Using AI Could Help Patients Understand Radiology Reports
Simplified reports increased comprehension and reduced anxiety in vignette survey
Patients who read radiology reports before speaking with their physicians can struggle to interpret the medical language and may become unnecessarily alarmed.
A study led by researchers at the University of California, San Francisco (UCSF) suggests summaries of radiology reports created using AI could increase patients’ understanding and reduce their worries.
The 21st Century Cures Act, enacted in 2016, requires that patients have timely access to their health information, including radiology reports. While that access promotes transparency, it can also create challenges when patients encounter concerning findings, especially if they consult the reports before discussing them with the ordering physician.

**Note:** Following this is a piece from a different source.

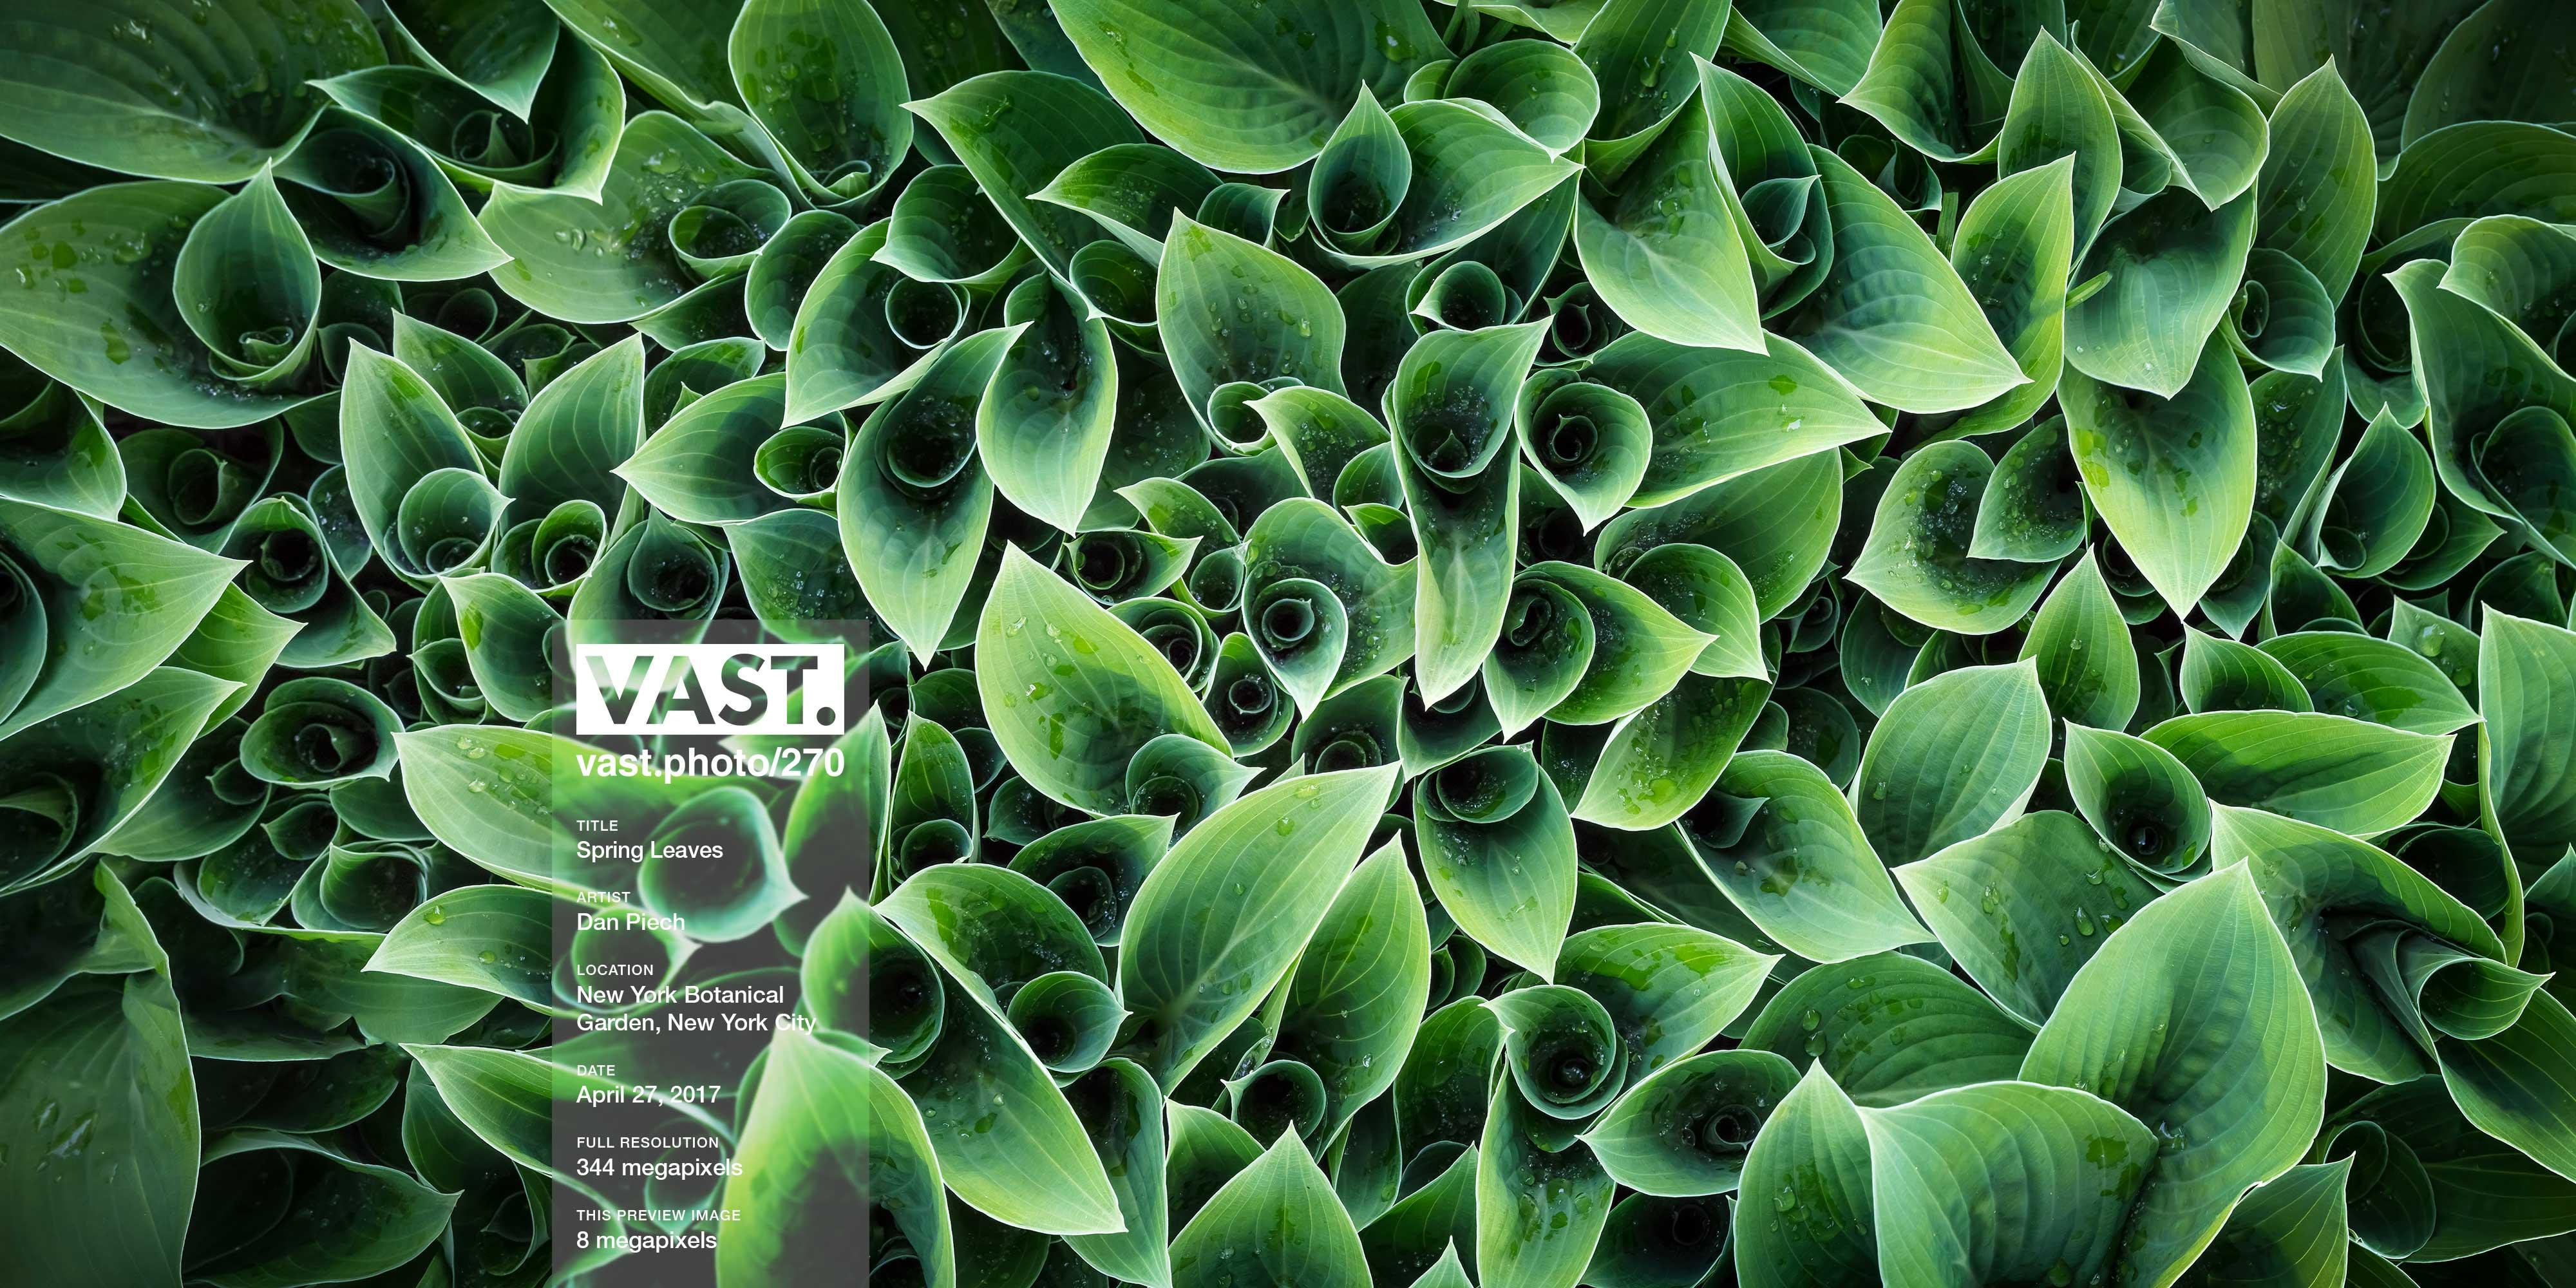 Macro Photos of Leaves: High Resolution Fine Art Prints - VAST

Because radiology reports are written for clinicians, they often contain medical terms that may confuse patients and can result in unnecessary worry. “The risk is that patients won’t understand what is normal and what is abnormal,” said Juan Serna, MD, the study’s lead author.
“There’s more emphasis on democratization of patient information,” said corresponding author, Jae Ho Sohn, MD, MS. “It’s really good in theory, but the law also created challenges.”
Dr. Sohn said colleagues in the UCSF Department of Radiology and Biomedical Imaging and patients themselves have described the distress caused by reading the reports.
In addition, Dr. Sohn’s primary care colleagues are also fielding more phone calls from patients about the reports. “The primary care doctors are super helpful for discussing reports, but they can’t micromanage every scan for every patient,” Dr. Serna observed.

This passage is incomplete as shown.